§ Brief
Produce an exact copy of all the data below, dropping every image.

§ Given information
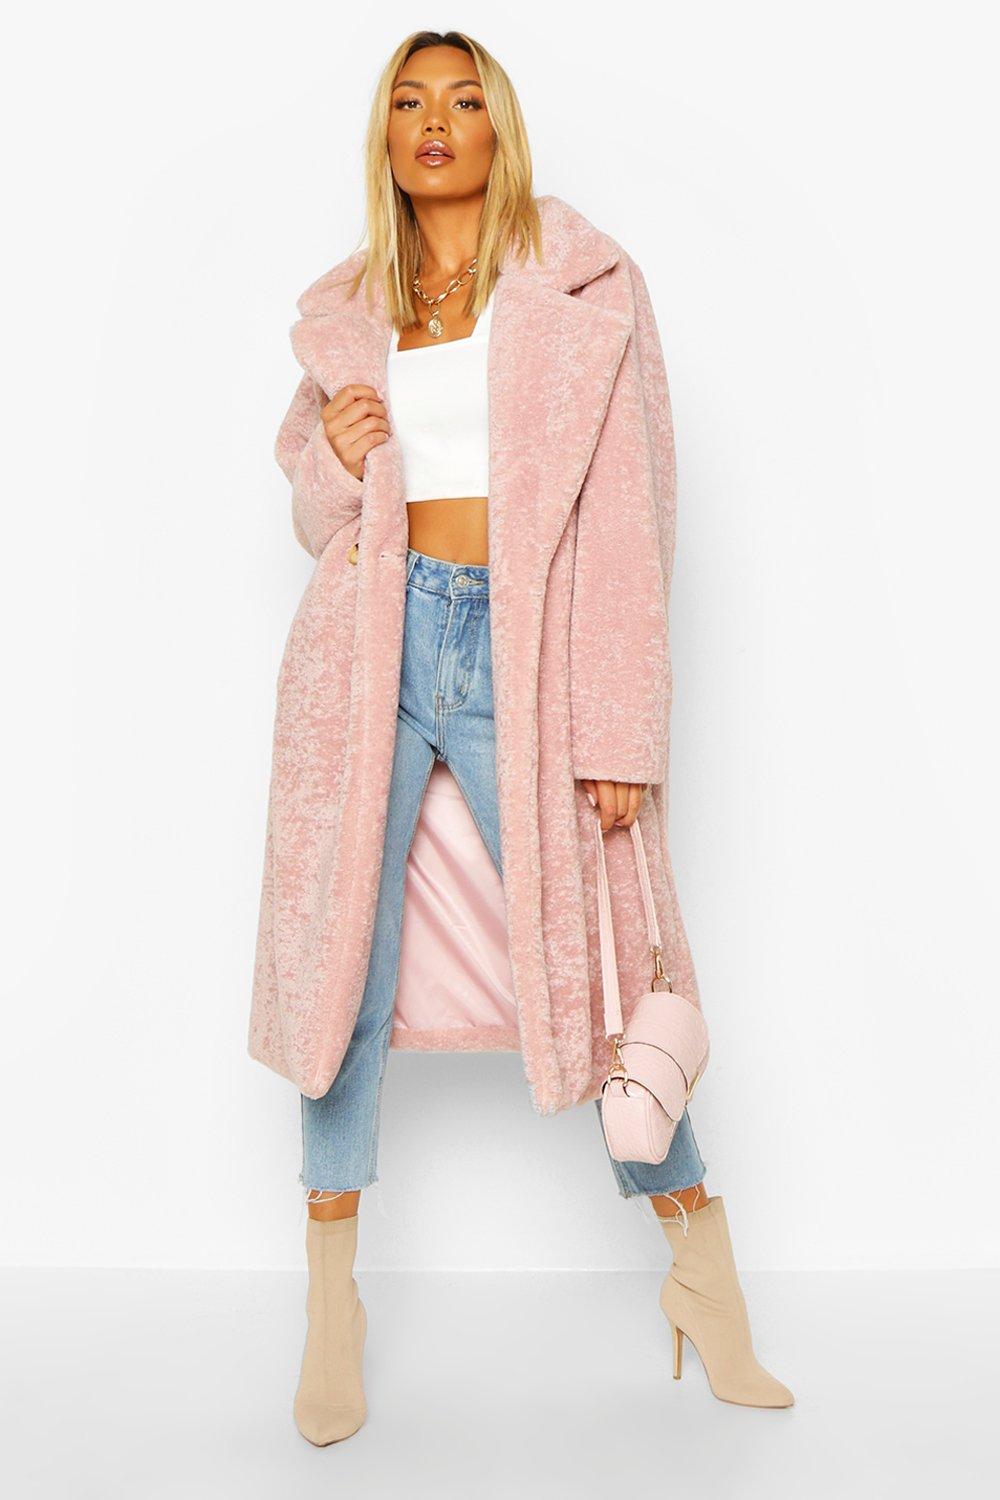 Boohoo Plus Textured Faux Fur Jacket in Natural
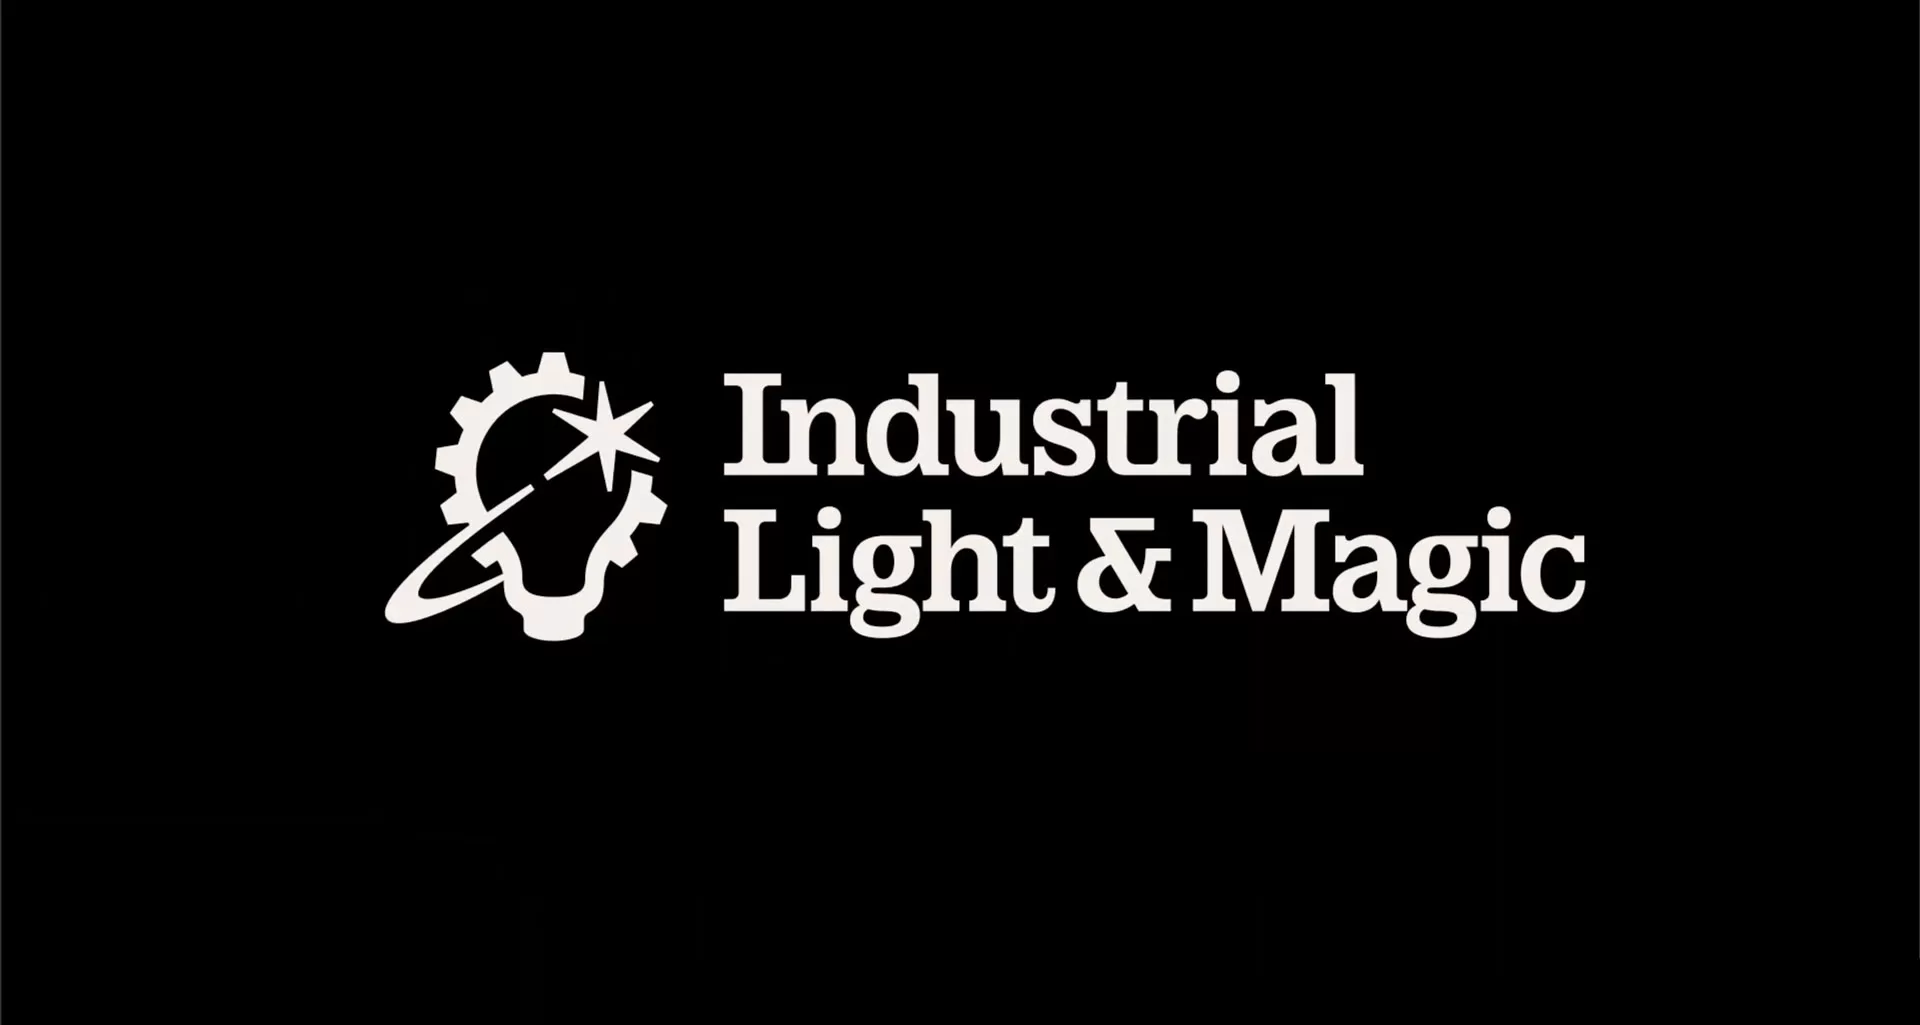 Industrial & Magic: Brand Reveal - The Art of VFX
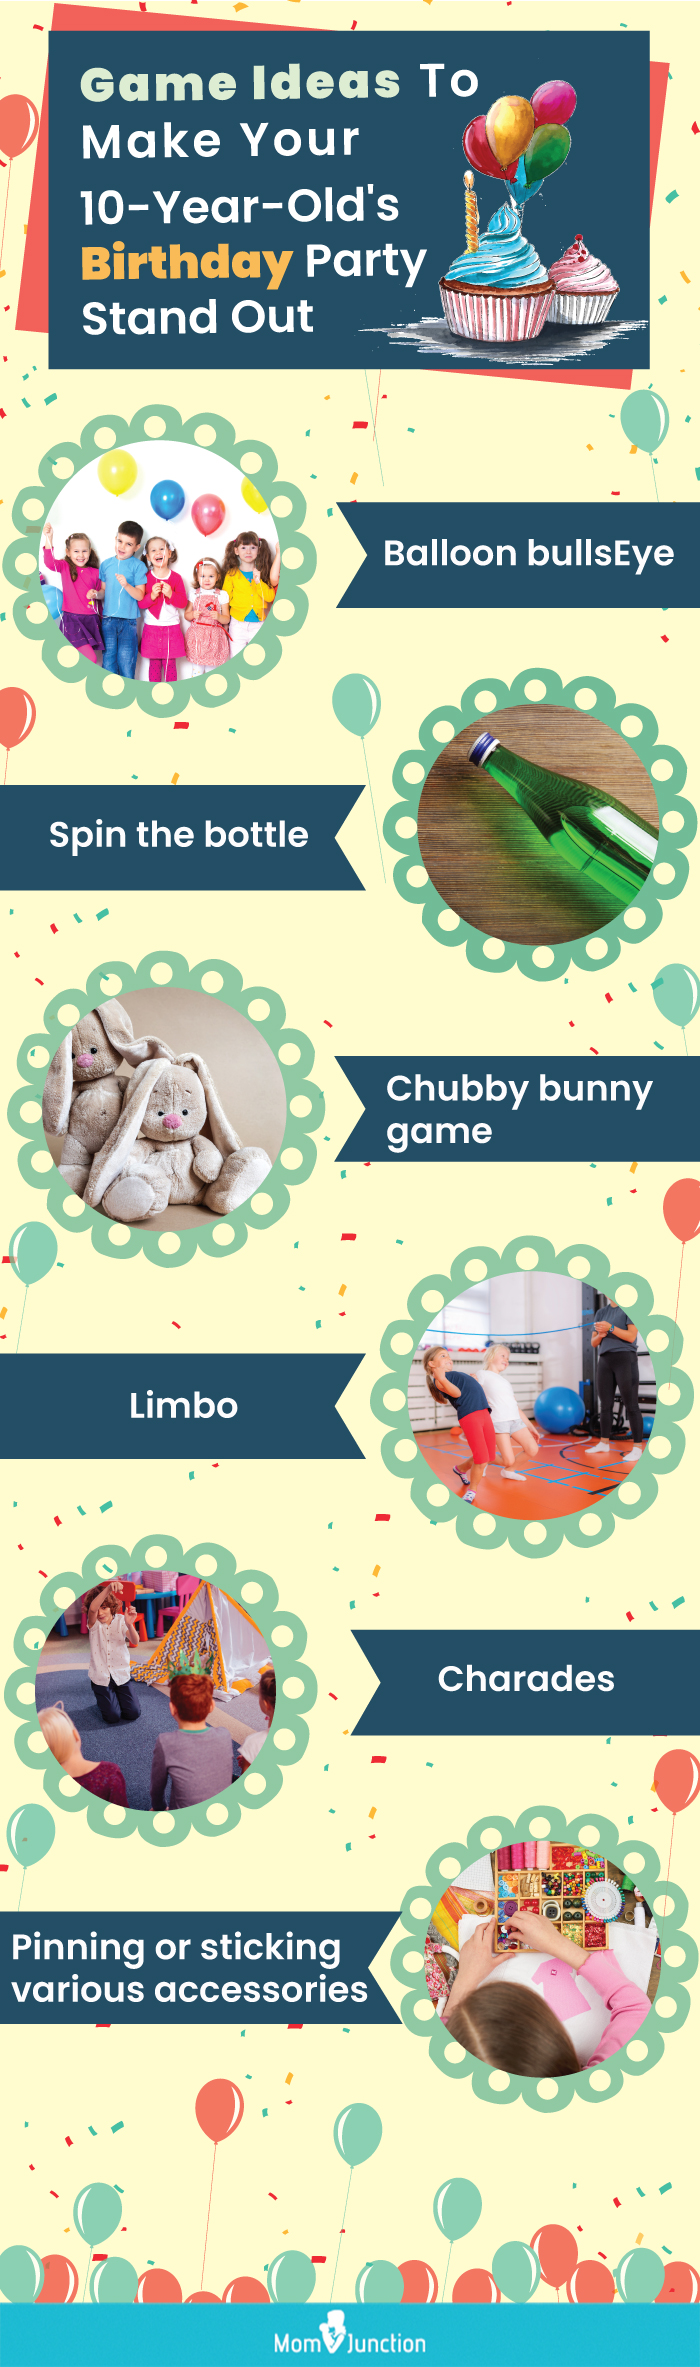 10 year olds' birthday party games (infographic)

§ Answer space
 Boohoo Plus Textured Faux Fur Jacket in Natural
 Industrial & Magic: Brand Reveal - The Art of VFX
 10 year olds' birthday party games (infographic)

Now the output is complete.